→ Description of the task
Set the data down exactly as it stands, and keep its pictures out.

→ Available data
# # #

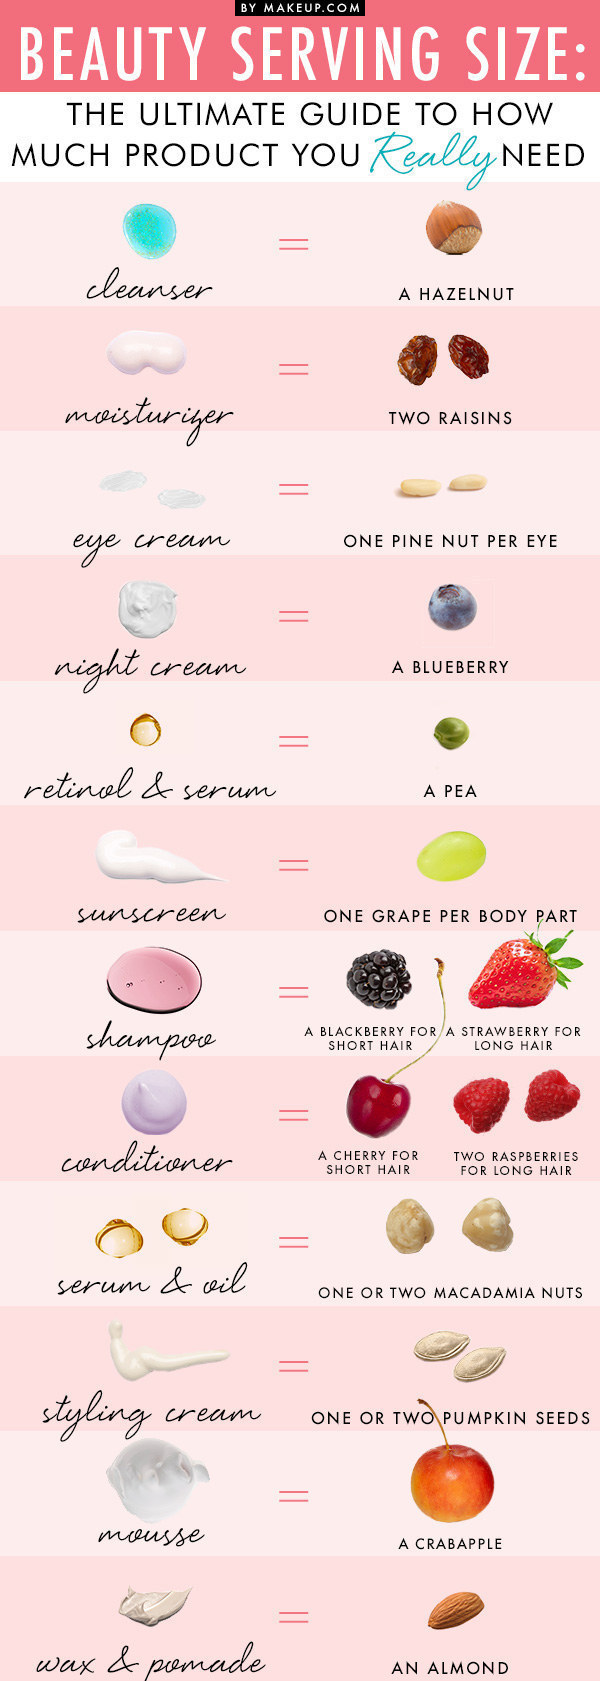 much facial product to use - By Makeup.Com Beauty Serving Size The Ultimate Guide To How Much Product You Really Need cleanser A Hazelnut moisturizer Two Raisins eye cream One Pine Nut Per Eye night cream A Blueberry retinal & serum A Pea sunscreen One Gr
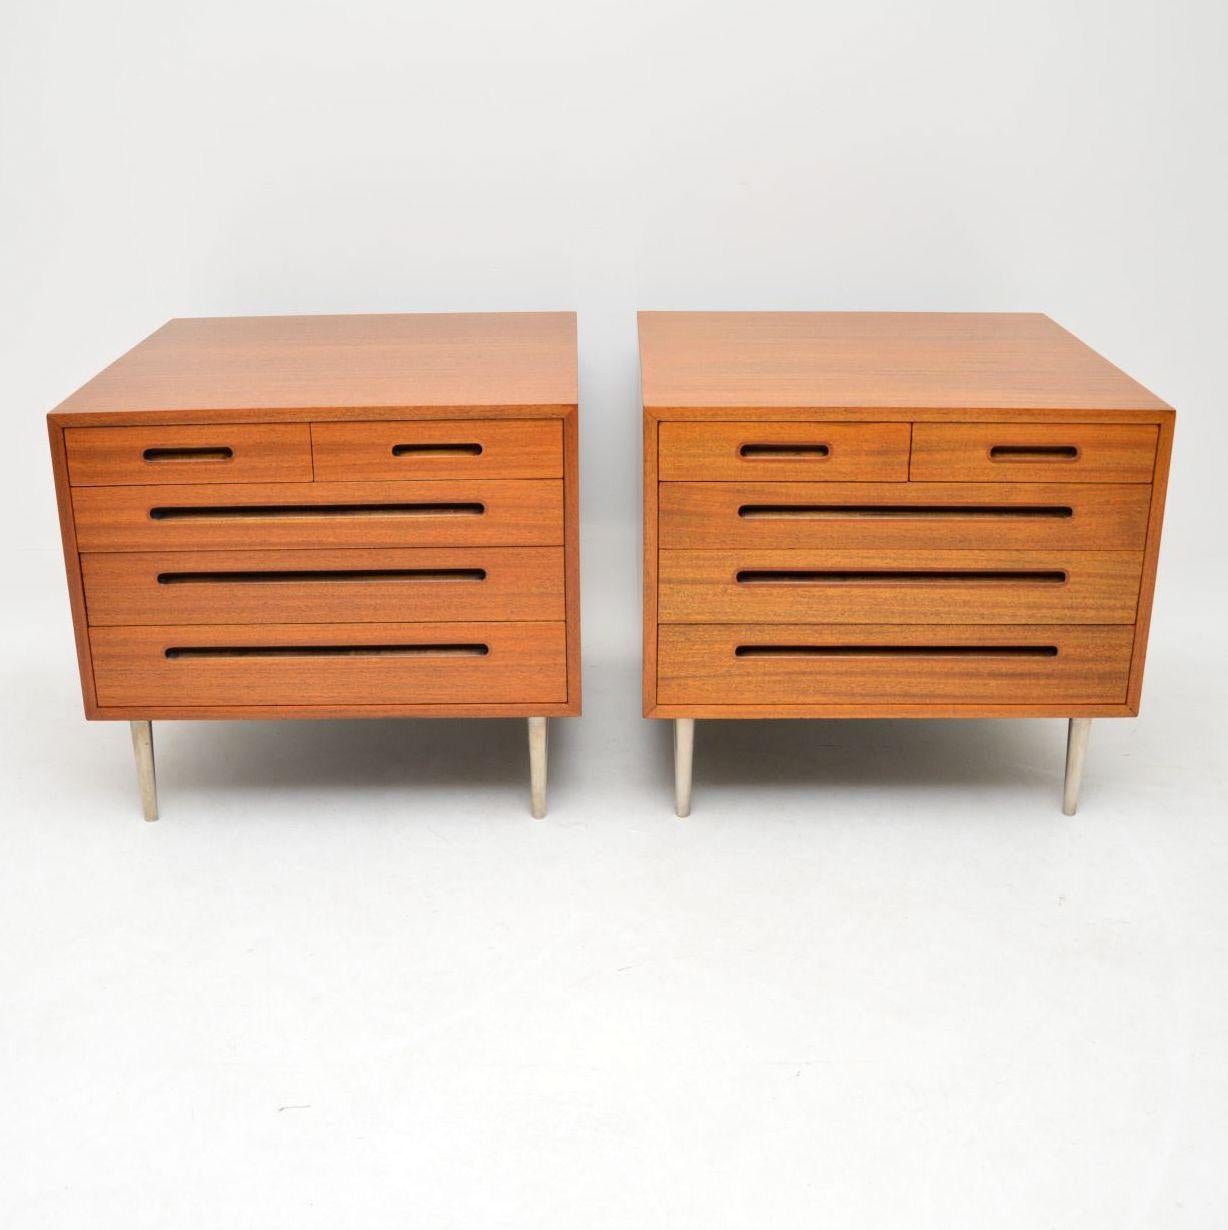 A magnificent pair of vintage chests, these were made in the USA by Dunbar furniture, they were designed by Edward Wormley.

Edward Wormley was one of the leading pioneers of mid-century modern design in America, his designs are highly sought after

# # #

→ Response to this task
 much facial product to use - By Makeup.Com Beauty Serving Size The Ultimate Guide To How Much Product You Really Need cleanser A Hazelnut moisturizer Two Raisins eye cream One Pine Nut Per Eye night cream A Blueberry retinal & serum A Pea sunscreen One Gr
 A magnificent pair of vintage chests, these were made in the USA by Dunbar furniture, they were designed by Edward Wormley.

Edward Wormley was one of the leading pioneers of mid-century modern design in America, his designs are highly sought after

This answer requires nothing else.